━━━ SUPPLIED DATA

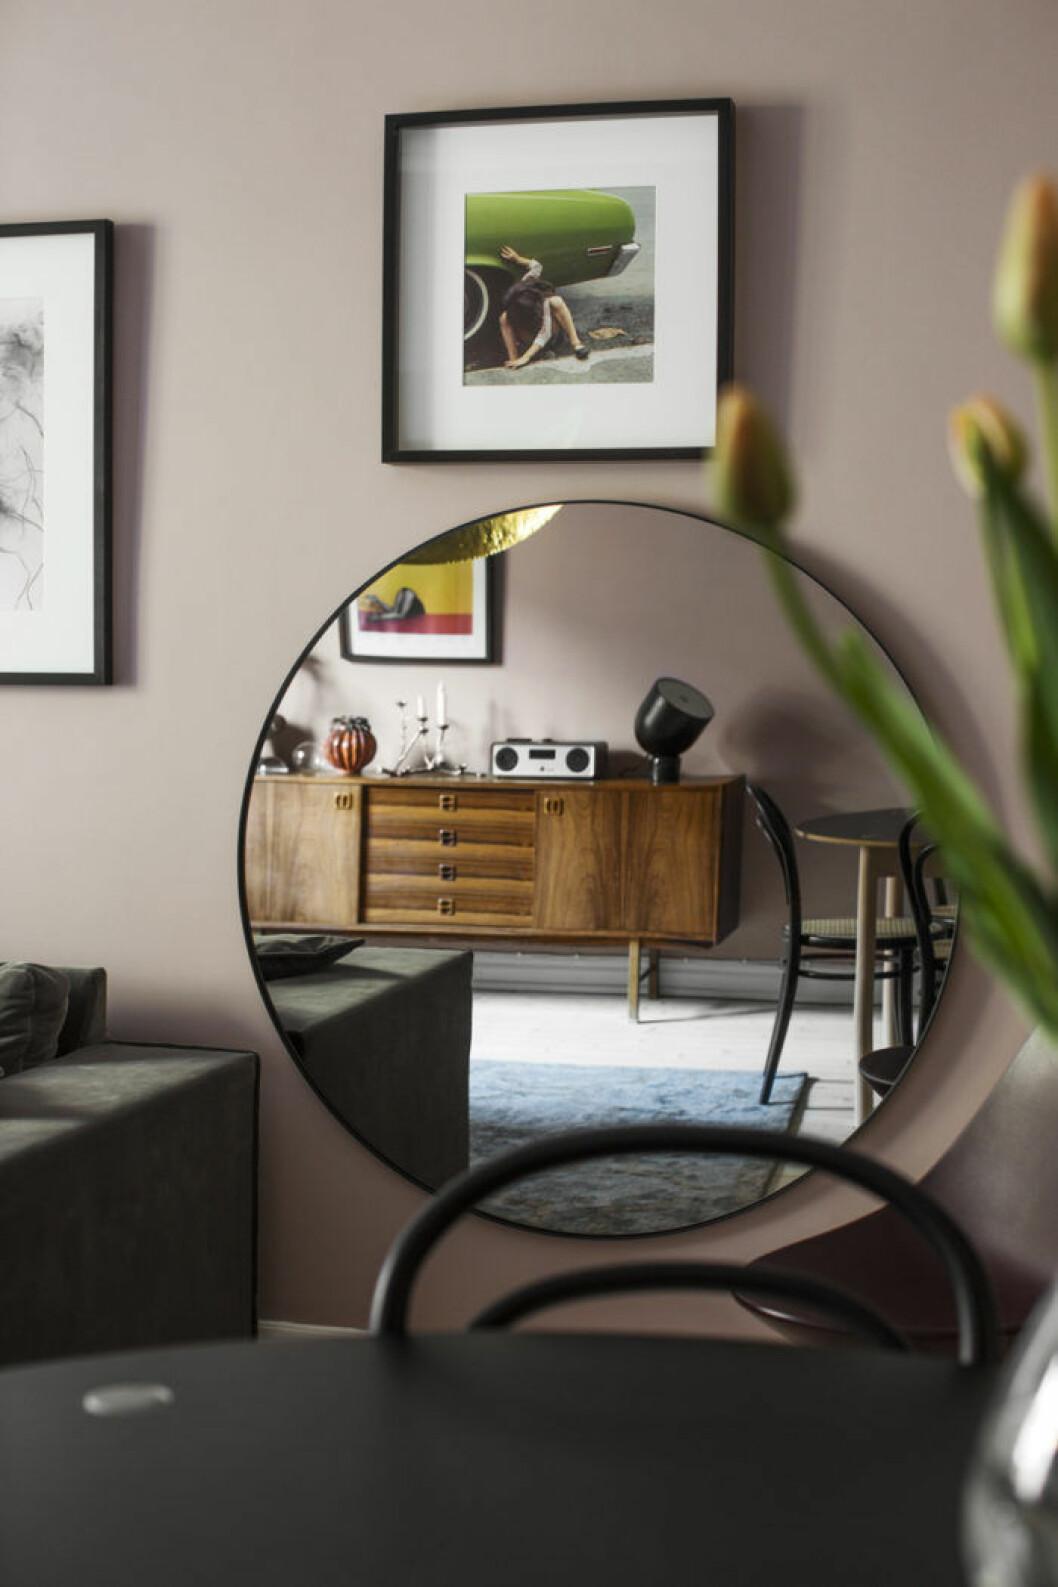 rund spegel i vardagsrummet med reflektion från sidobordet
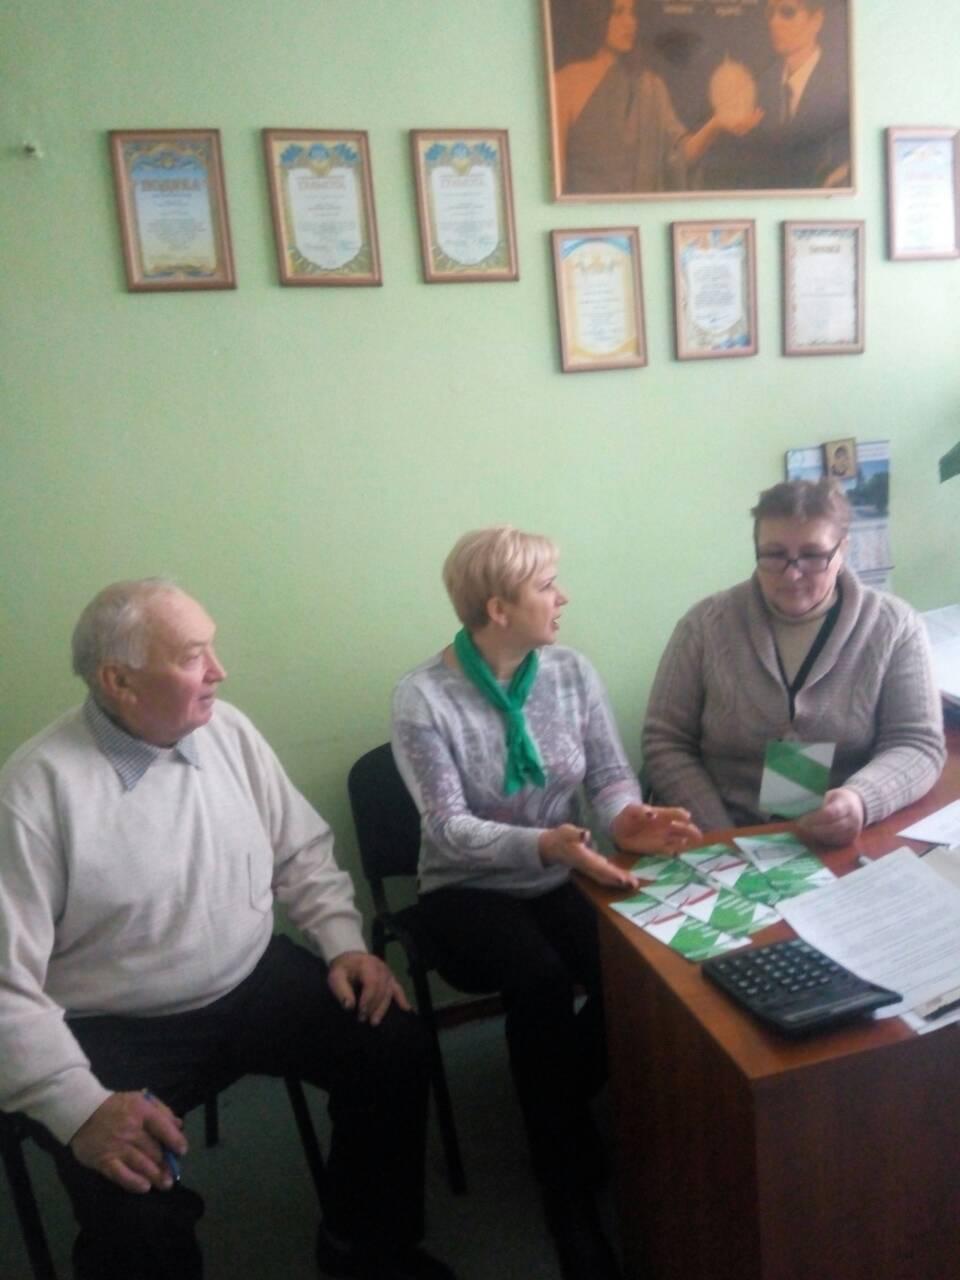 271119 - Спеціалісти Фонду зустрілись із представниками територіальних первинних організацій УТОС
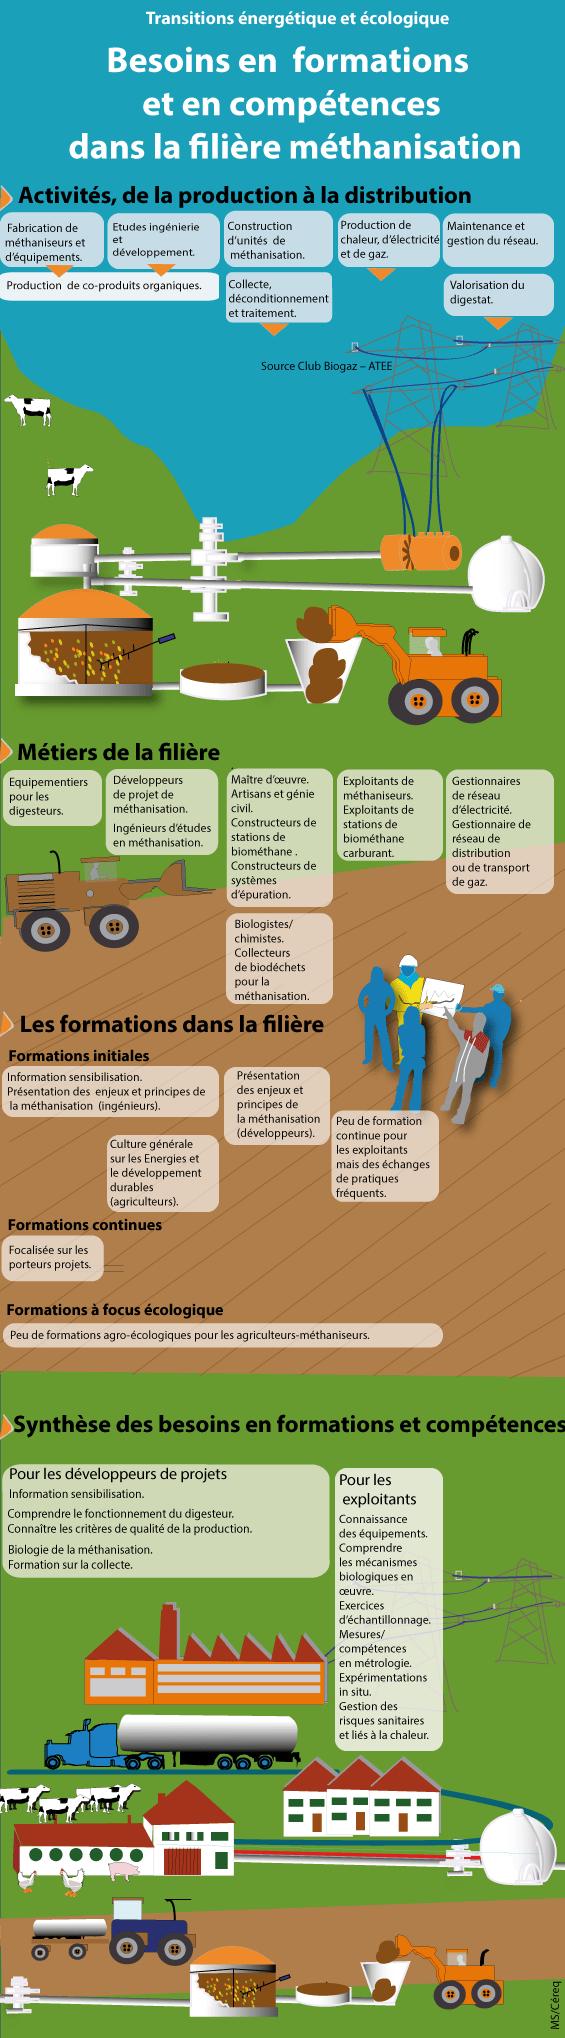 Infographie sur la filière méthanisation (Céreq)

━━━━━━
━━━ SUPPLIED DATA

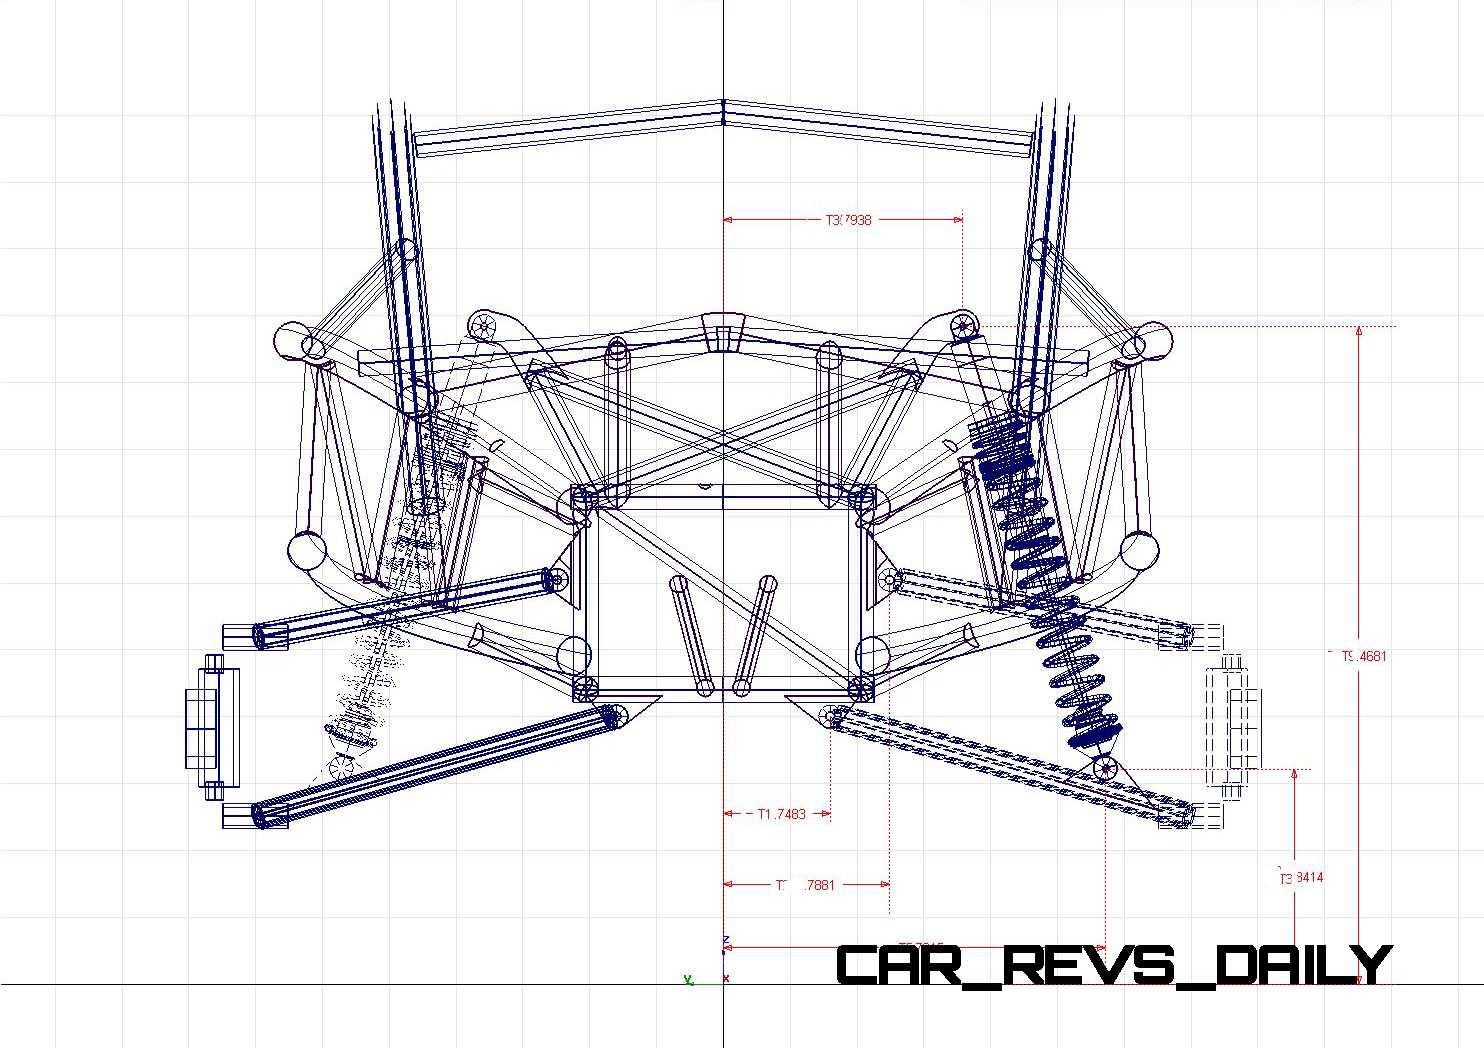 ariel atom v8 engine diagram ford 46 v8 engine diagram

━━━━━━
━━━ SUPPLIED DATA

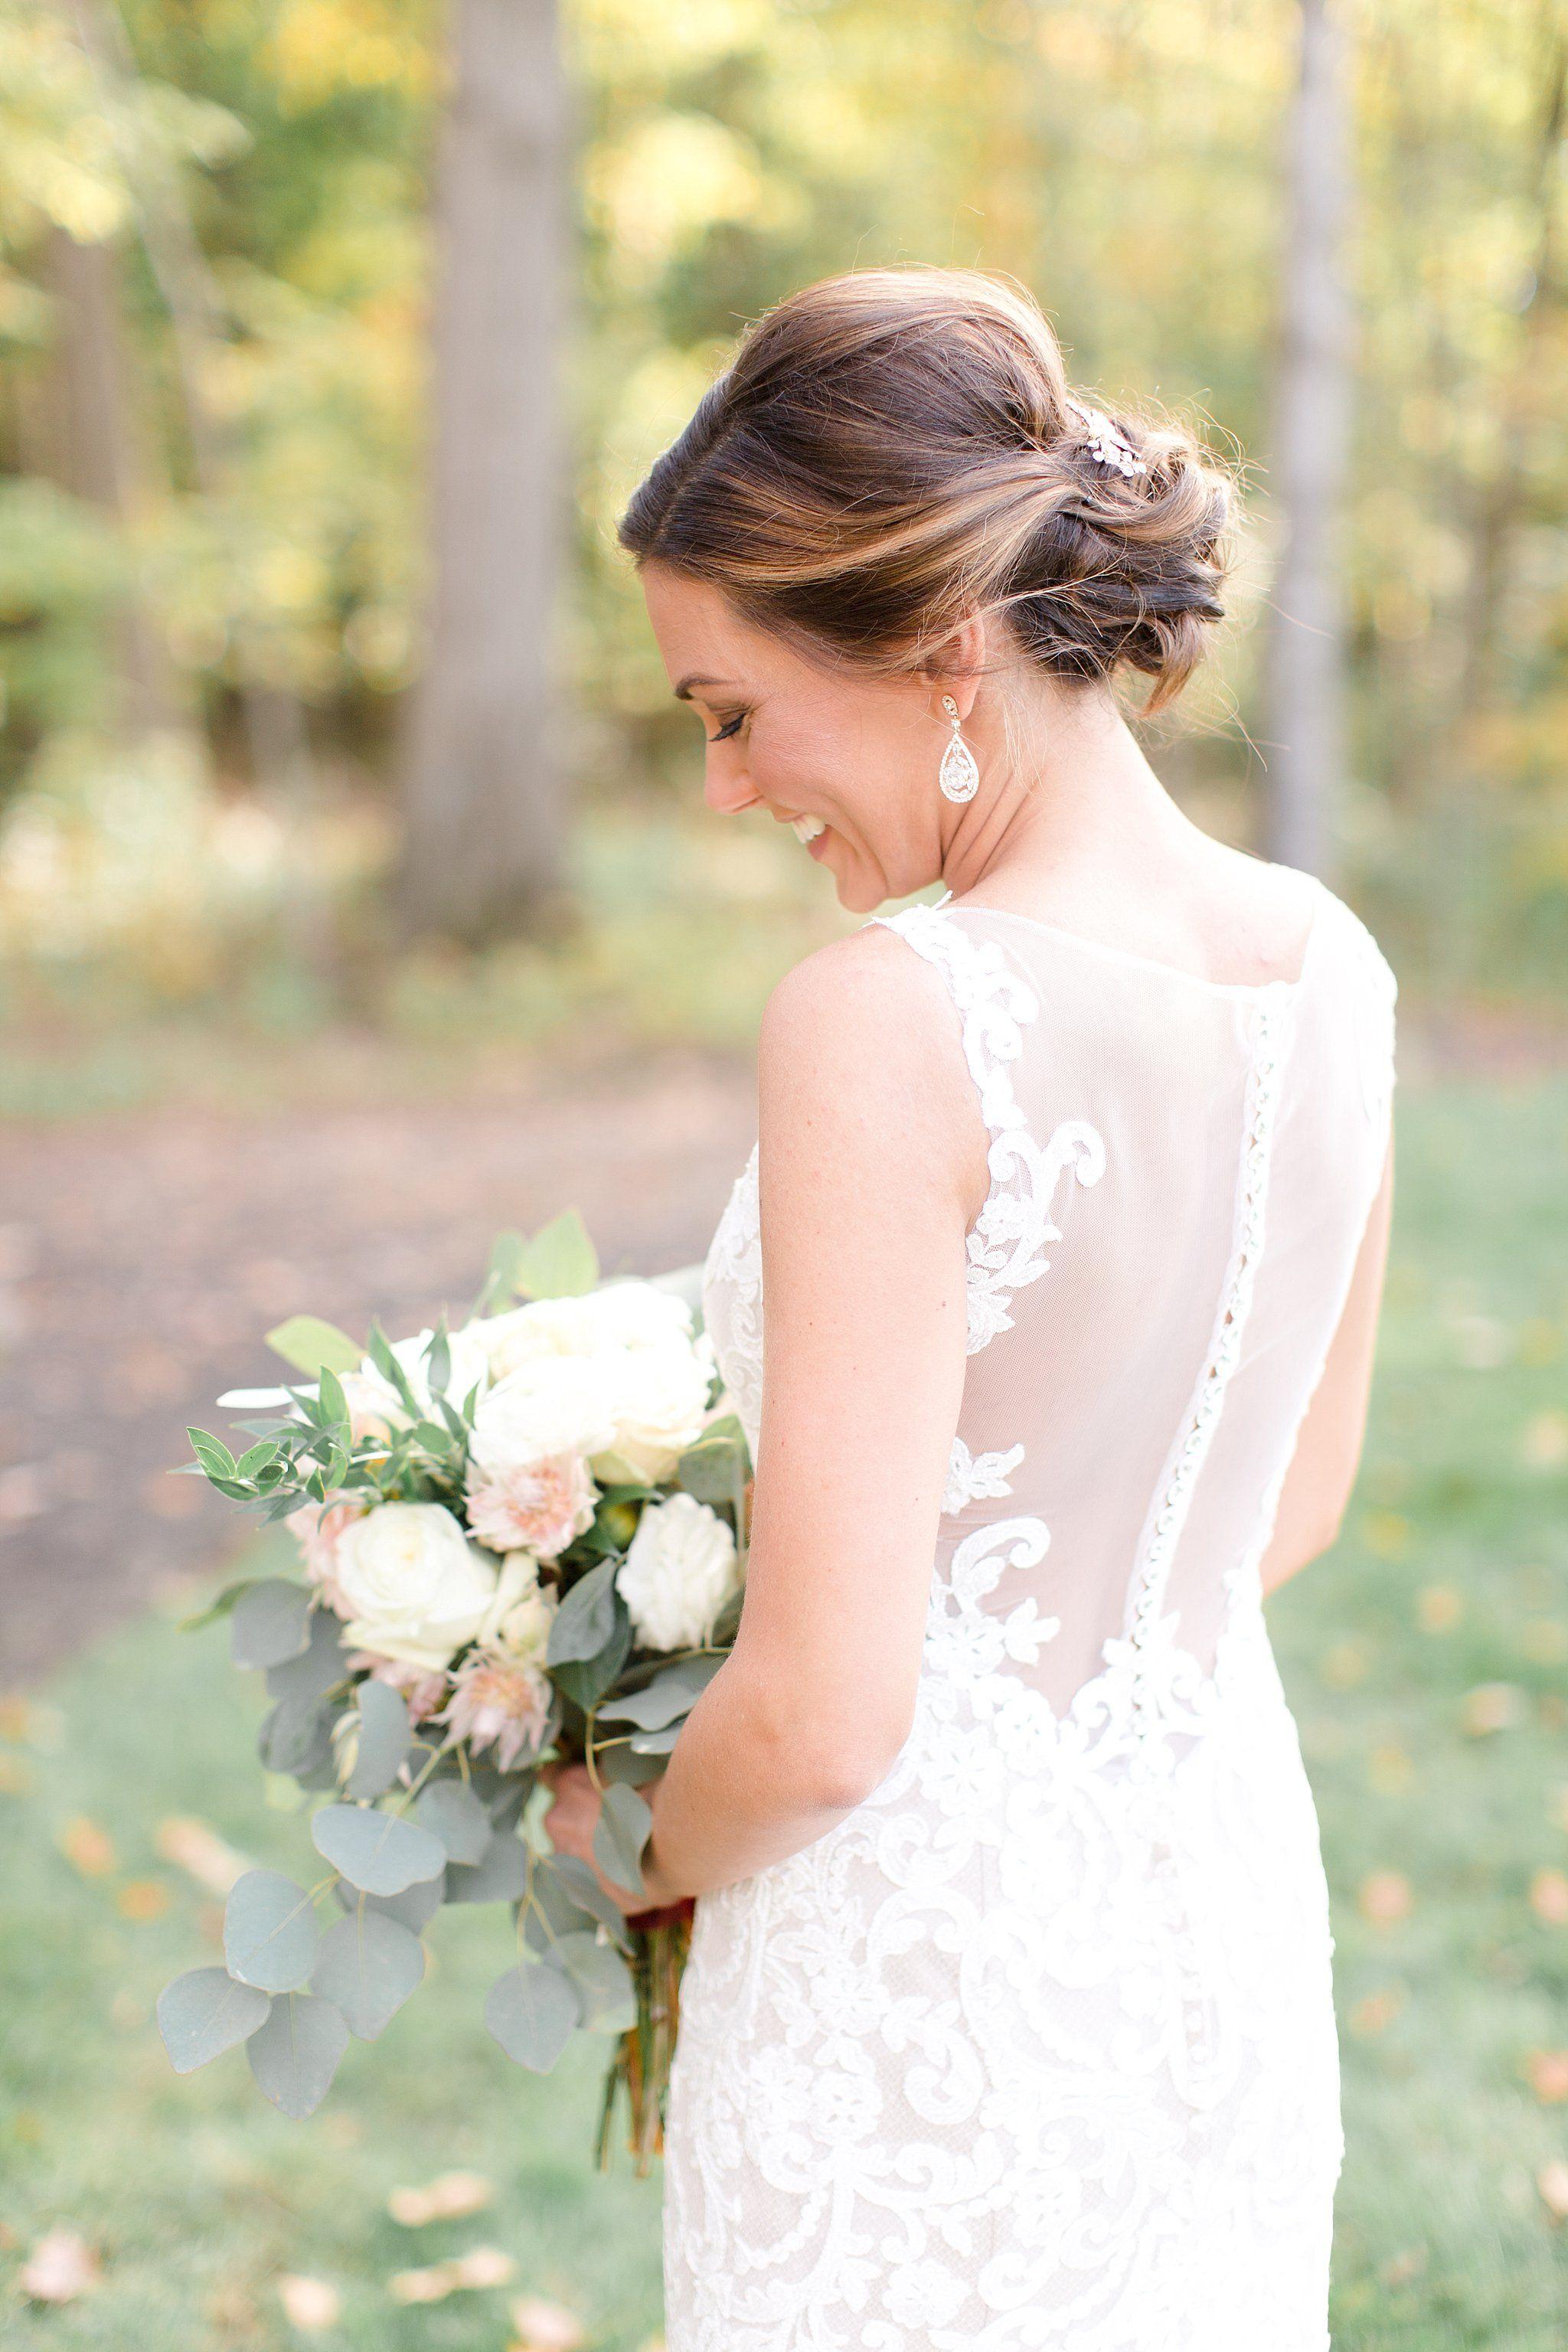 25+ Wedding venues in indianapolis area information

━━━━━━

EXERCISE PROMPT:
Reproduce exactly the lines above that run from the one with "rund spegel i" to the one with "Infographie sur la", both included, leaving pictures out.

FINISHED EXERCISE:
 rund spegel i vardagsrummet med reflektion från sidobordet
 271119 - Спеціалісти Фонду зустрілись із представниками територіальних первинних організацій УТОС
 Infographie sur la filière méthanisation (Céreq)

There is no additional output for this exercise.